Wednesday, December 7, 2016

"Blank Pages" by John C. Mannone, Frequent Contributor

Blank Pages
John C. Mannone

A clandestine group gathers in the hideaway room
below the house. The trapdoor under the thick carpet
will muffle their prayers. Red tin lamps illuminate
faces in pensive expectation. Grotesque shadows
flit in quiet panic along the chalk-white walls.
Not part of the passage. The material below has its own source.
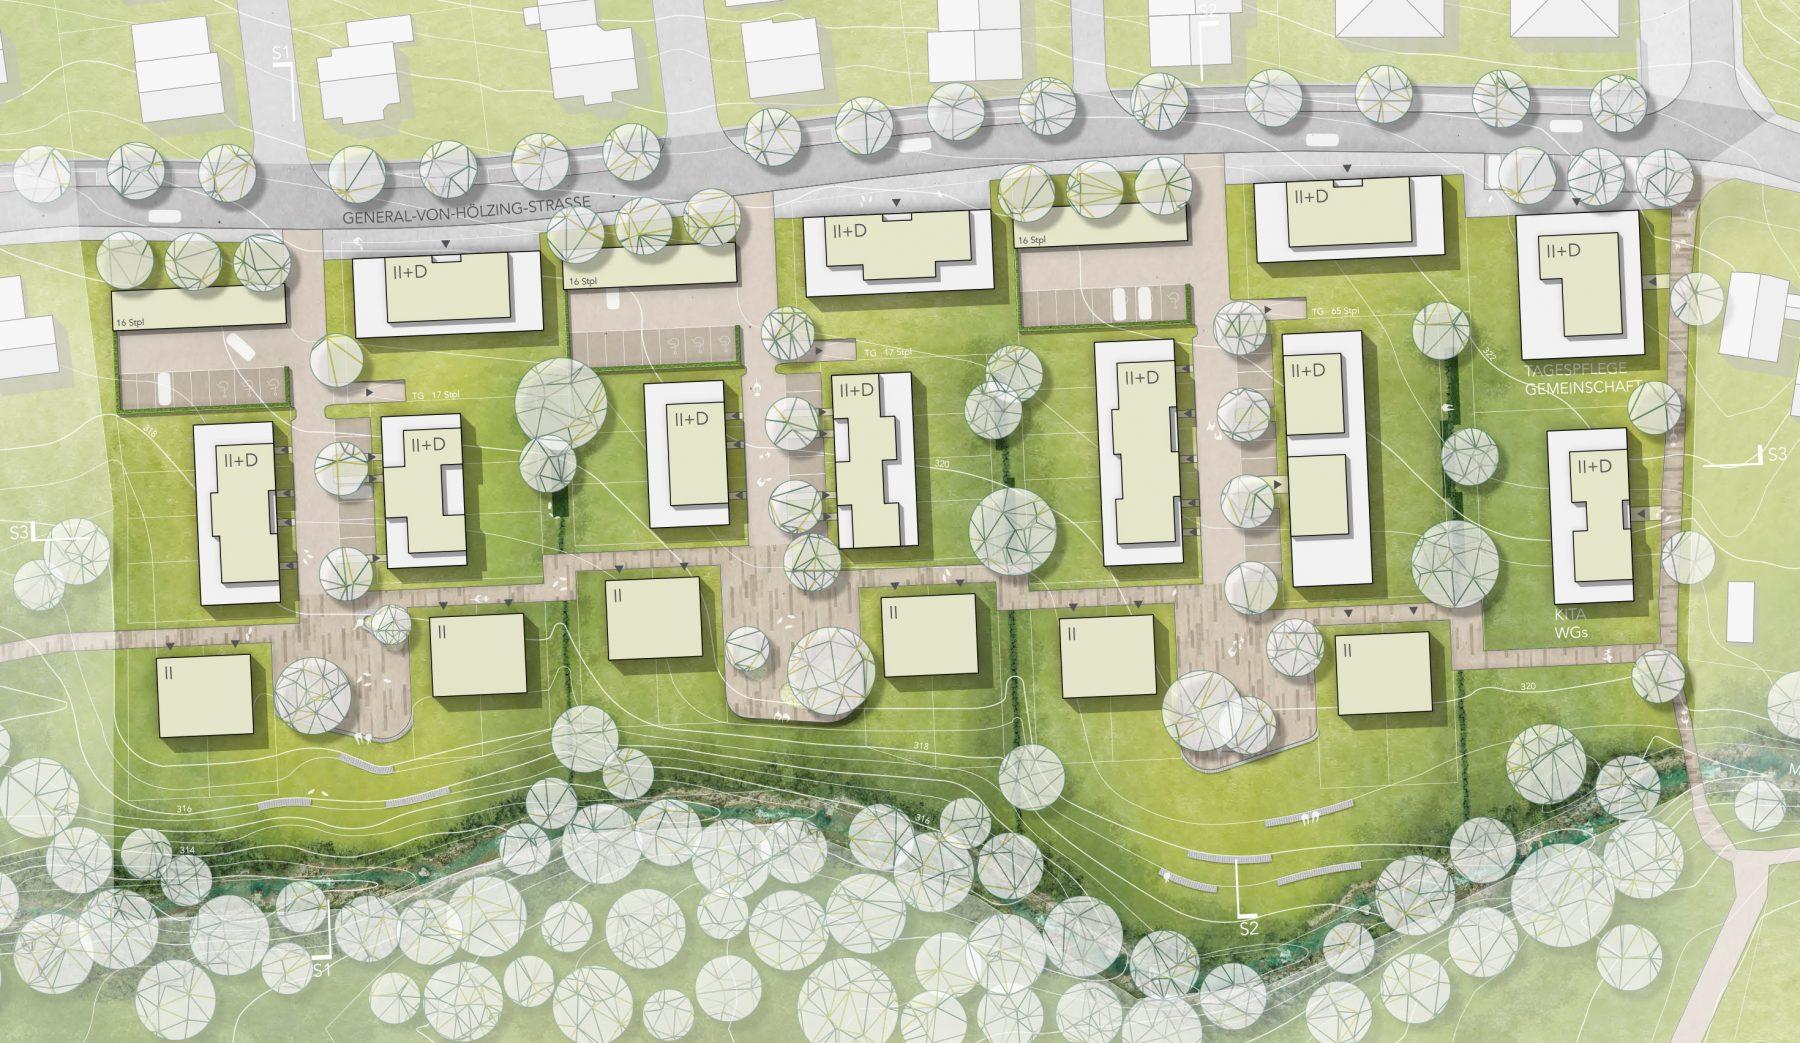 """Lageplan Realisierungswettbewerb """"Wohngebiet General-von-Holzing-Straße"""", Bollschweil"""

An old man in a brown tunic, hunched over the podium,
clutches the sacred book with knobby fingers. Opens it.
He stares at the rare delicate pages. Words appear
alive, written on cotton. He closes his eyes and speaks
in a deep, gentle voice, the Gospel of John:

These things I have spoken to you,
so that in Me you may have peace.
In the world you have tribulation,
but take courage; I have overcome
the world.

Occasionally he stops to breathe deeply, smiles
creasing his face; blue eyes reflect the candles.
The penitents, on their knees, chant melodic prayers,
glossolalias echo off the stained glass on the hidden
chamber walls. But the fluence of halleluiahs

is interrupted by stomps from heavy boots and harsh
voices—soldiers searching for us. We are the criminals
of the State. Sounds grow louder. Then the rug
is pulled aside. They storm down the cellar steps.
No escape. We huddle in the corner and remain silent

to the indictments even though the evidence lay open
on the spindled stand. The commandant marches
toward the illegal book with a smirk on his face.
Picks it up…but his elocution of charges is suspended
mid-sentence. In outrageous disquiet, he shuffles pages,

turning one after the other. He lets the book fall
through his fingers. Demands to know the trickery
perpetrated here. The old man simply smiles. Candle
flames flicker in the hurricane lamps, ghost shadows
dance on blank white pages—the holy air quietly stirs.

Poet’s Notes:  This poem has its roots in the political sentiment toward sacred literature. In 2009, when this poem was first drafted, it was only speculation that certain works, like the Bible, would eventually be considered “hate literature” by extreme leftists. Apparently, this was already occurring at that time in countries in 2009, and most certainly there is continuing erosion of religious freedoms in our own country today in 2016. I thought of how the Jews had to hide from the Nazis in 1930s/1940s and I drew parallels in this poem’s time period between Christians and the “State” in whatever futuristic world-order system we would be living in in not the too distant future.

The quintet structure of the poem is no accident, but its significance is not likely to be noticed by many readers. In Biblical numerology, 5 is the number for grace—and there is a bunch of that for the penitents in the poem concerning their would-be crimes.